An Expensive Inheritance
A mother signed a deed giving 120 acres to her two daughters, or at least she and her daughters thought that had happened. After her death, the two sisters could not find the recorded deed; however, a stepsister found them. The two sisters now had their stepsister as a partner in the 120 acres. To really understand this debacle, let me tell the story the way it unfolded to me.
When I first met the two sisters, they told me the land had been gifted to them by their mother. One sister lived in Colorado and the second lived in Missouri. Within a few months after listing the property, we had a signed contract. The sisters were delighted. The buyer was paying cash. Then three days before closing, I received a message from the title company, “We have a problem.”
The problem was with two deeds that the title company found during the title search. One deed from the mother’s estate transferred the 120 acres to three people including the two sisters. A second deed transferred the 120 acres from one of the people in the deed to the two sisters. If the deeds had been recorded in this order, there would be no problem. Regrettably, the deeds had been recorded in reverse order.
The county recorder’s stamp on each deed showed the date and time of recording to be just minutes apart. One could surmise that both deeds were handed to the county recorder of deeds at the same time, only not in the correct order. The deed transferring the property to the two sisters from the third person had been recorded before the deed that transferred the property to the three people. This meant that the public record showed that the third person still owned a one-third interest in the property and that was the problem.
While it appeared the third person’s intent was to convey their ownership interest in the land to the two sisters, the title company wanted to remove all uncertainty before issuing a title policy to the new owner. This could be done if the third party signed a new deed conveying their interest in the land to the two sisters. Once this deed was recorded, the chain of title would show the two sisters as the undisputed owners of the property. This appeared to be a simple solution to the problem until I spoke with one of the sisters. Her reaction was a combination of anger and frustration.
The sister said the third person was their stepsister. The only time they met was during a contentious court battle three years earlier. They had not spoken since and she was certain that her stepsister would not sign any documents that would benefit the two sisters. She then explained.

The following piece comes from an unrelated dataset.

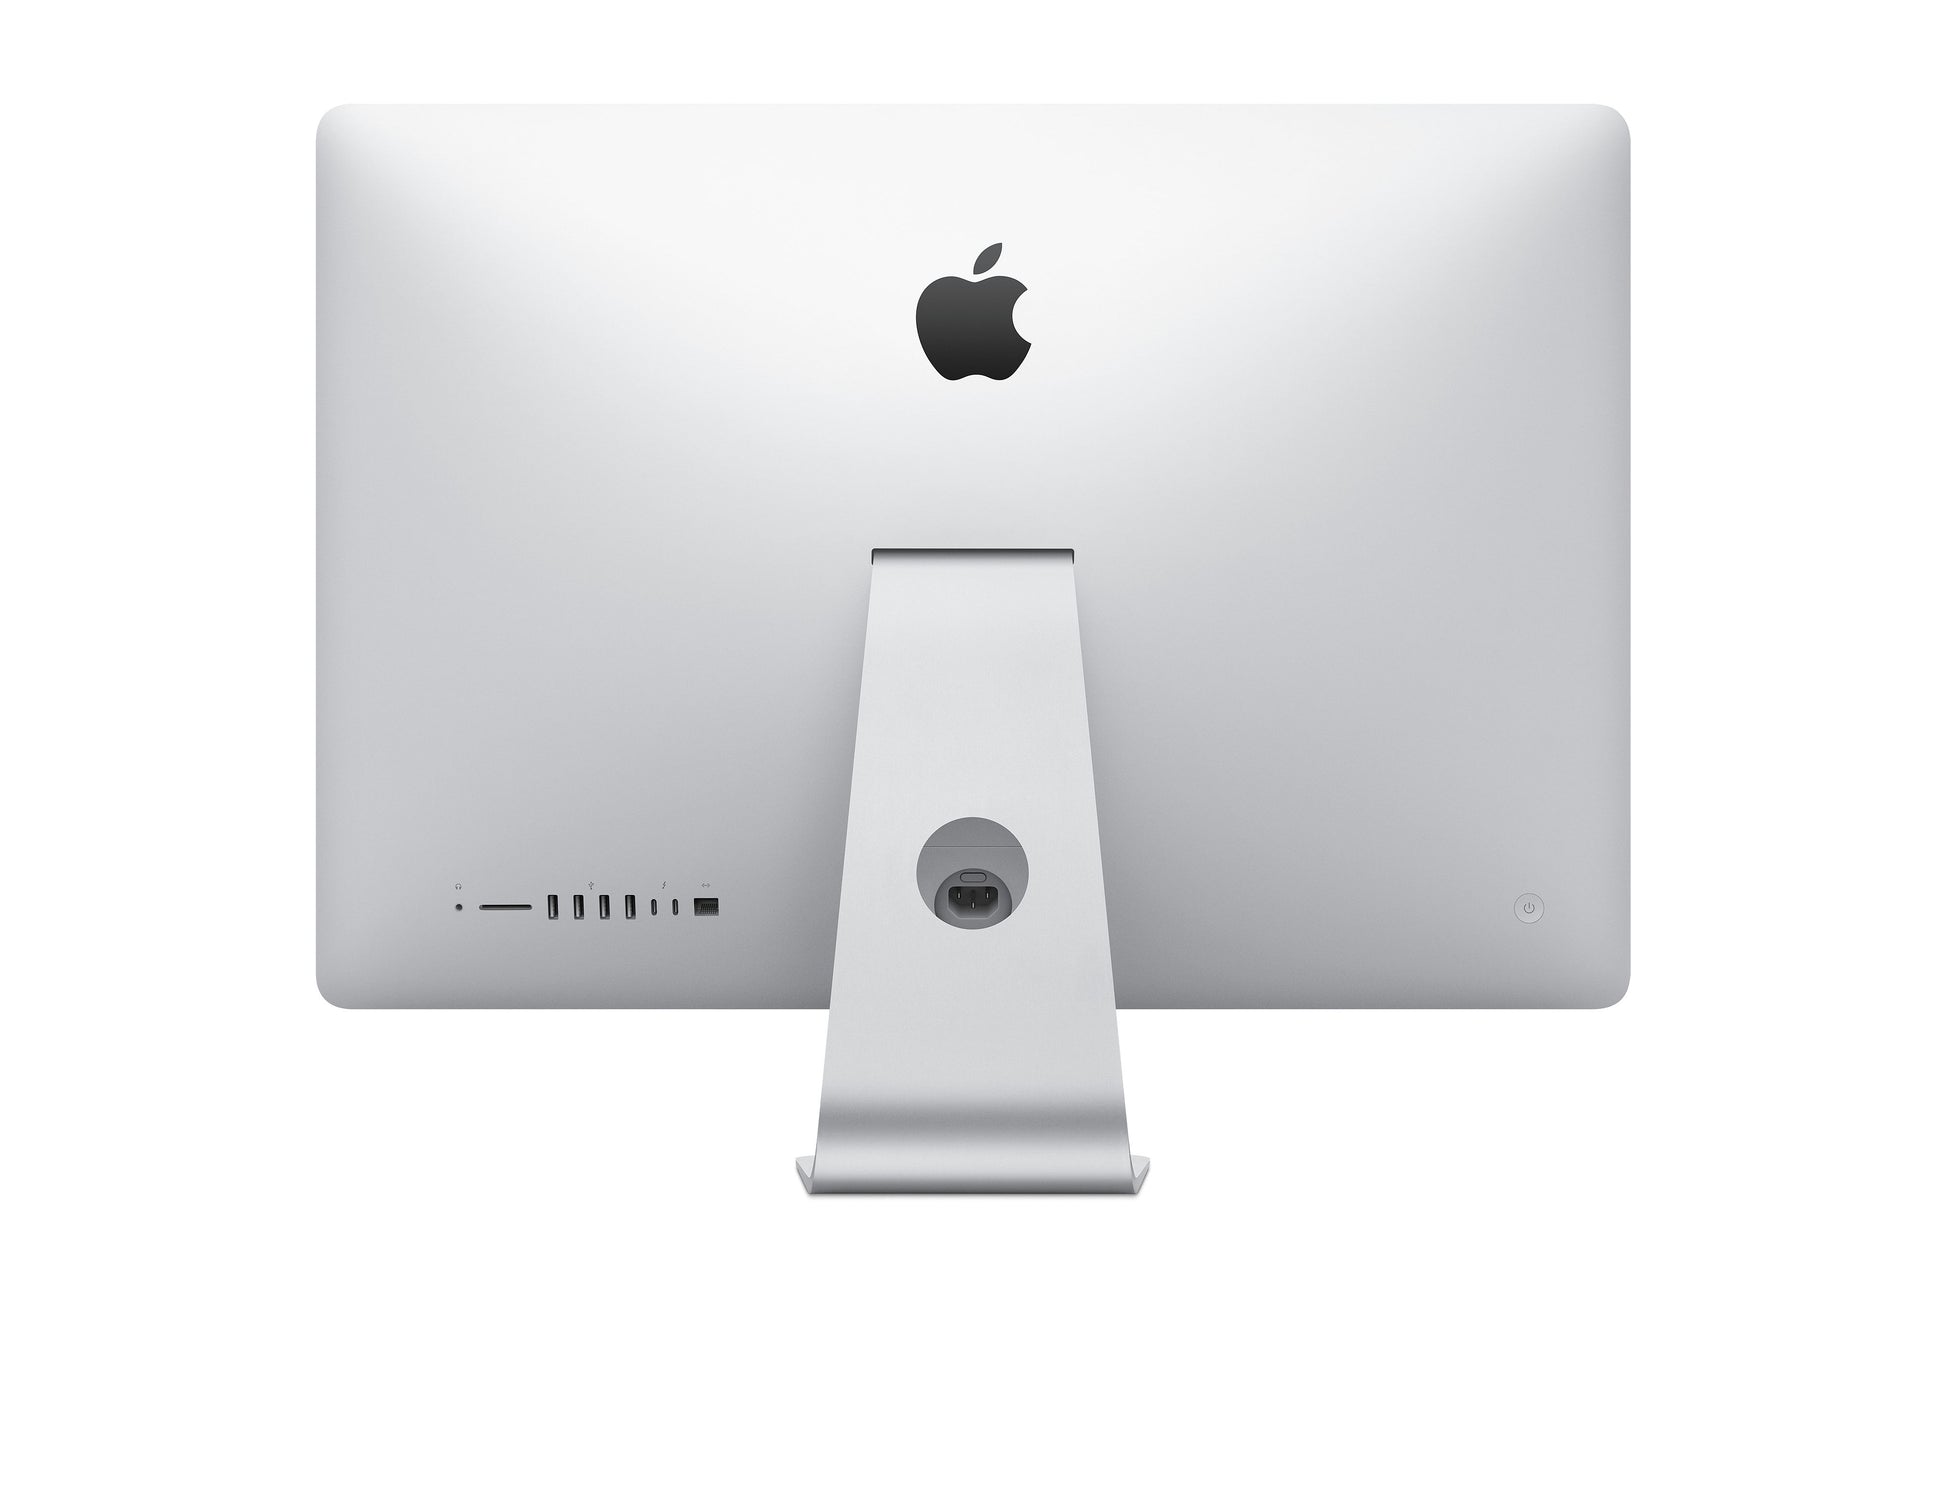 Apple iMac 5K 27-inch (Mid 2019) 3.7GHz i5 4TB SSD 64GB RAM All-In-One Desktop

About 45 years ago, when she and her sister were young, her father and mother purchased the 120 acres. It was their weekend getaway. As the years passed, the two sisters moved away, married and had families. Their father died. Their mother remarried to a man who had one grown daughter. They had been married only a short time when he died, leaving his estate to his only daughter. The two sisters had never met the daughter.
After his death, the mother decided to give the 120 acres to her two daughters while she was still living. She hired a lawyer who prepared the documents and he assured her that he would handle the entire matter including the recording of the deed. A few months later the mother died. After her death, the two sisters learned that the public records showed the 120 acres was still owned by their late mother. Now the land was part of her estate. What happened to the deed their mother had signed giving the land to the two sisters?
The deed transferring the property from their mother to her daughters had been mistakenly placed in the attorney’s office file and not recorded. Since the deed had not been recorded before their mother’s death there was no transfer to the two sisters; thus the mother was still the owner at the time her death. The land was now included in her estate. This meant that legally the two sister and their stepsister would have equal ownership of the 120 acres.
The two sisters hired an attorney. First, he contacted the mother’s attorney who would not admit to any fault. Second, he contacted the stepsister’s attorney. He told him about the unrecorded deed. He asked if his client would sign a deed transferring her ownership of the 120 acres to the two sisters
which was the mother’s intent. A few days later, he received a message from the attorney stating that his client would sign a deed only if she were paid one-third of the value of the property. The property was appraised for $360,000. The step sister’s share would be $120,000.
The two sisters sued their mother’s former attorney for malpractice. After two years of litigation and over $40,000 in legal expense, the attorney’s malpractice insurance company paid out $120,000, the amount owed to the stepsister. When the stepsister was paid, she signed a deed transferring her one-third interest to the two sisters. And that’s when the deeds were recorded out of order.
After listening to the sister, I called the title company. I explained why obtaining a deed from the stepsister was not an option, but there was another possibility. The title company who had made the recording mistake would agree to provide an affidavit that acknowledged they made the error when recording the documents. The closing title company was satisfied and the sale closed on time.
- Mistakes happen. In this case, the mistakes cost time, money and stress. It almost voided a sale! Here’s a couple of steps that buyers can follow that can prevent such costly errors:
- Be sure you receive the original deed after it has been recorded. A recorded deed will have the county recorder’s stamp showing the date & time of recording and either a document number or a book and page where the deed is of record. Once the deed is recorded, your ownership is of public record, even if you lose the deed. If you do not receive the deed within 30 days after the closing, contact the title company or lawyer that closed the transaction.
- Review the title insurance policy that you should receive within 45 days after closing. Make sure the insurance policy has you as the owner of record. There is a possibility that somebody could file a lien, etc. on the property between the moment the seller signs the deed and the moment your deed is recorded. Should that happen, then their claim or interest in the property would have preference over your deed. The title company is supposed to check for any such recordings before recording your deed, but then again mistakes happen.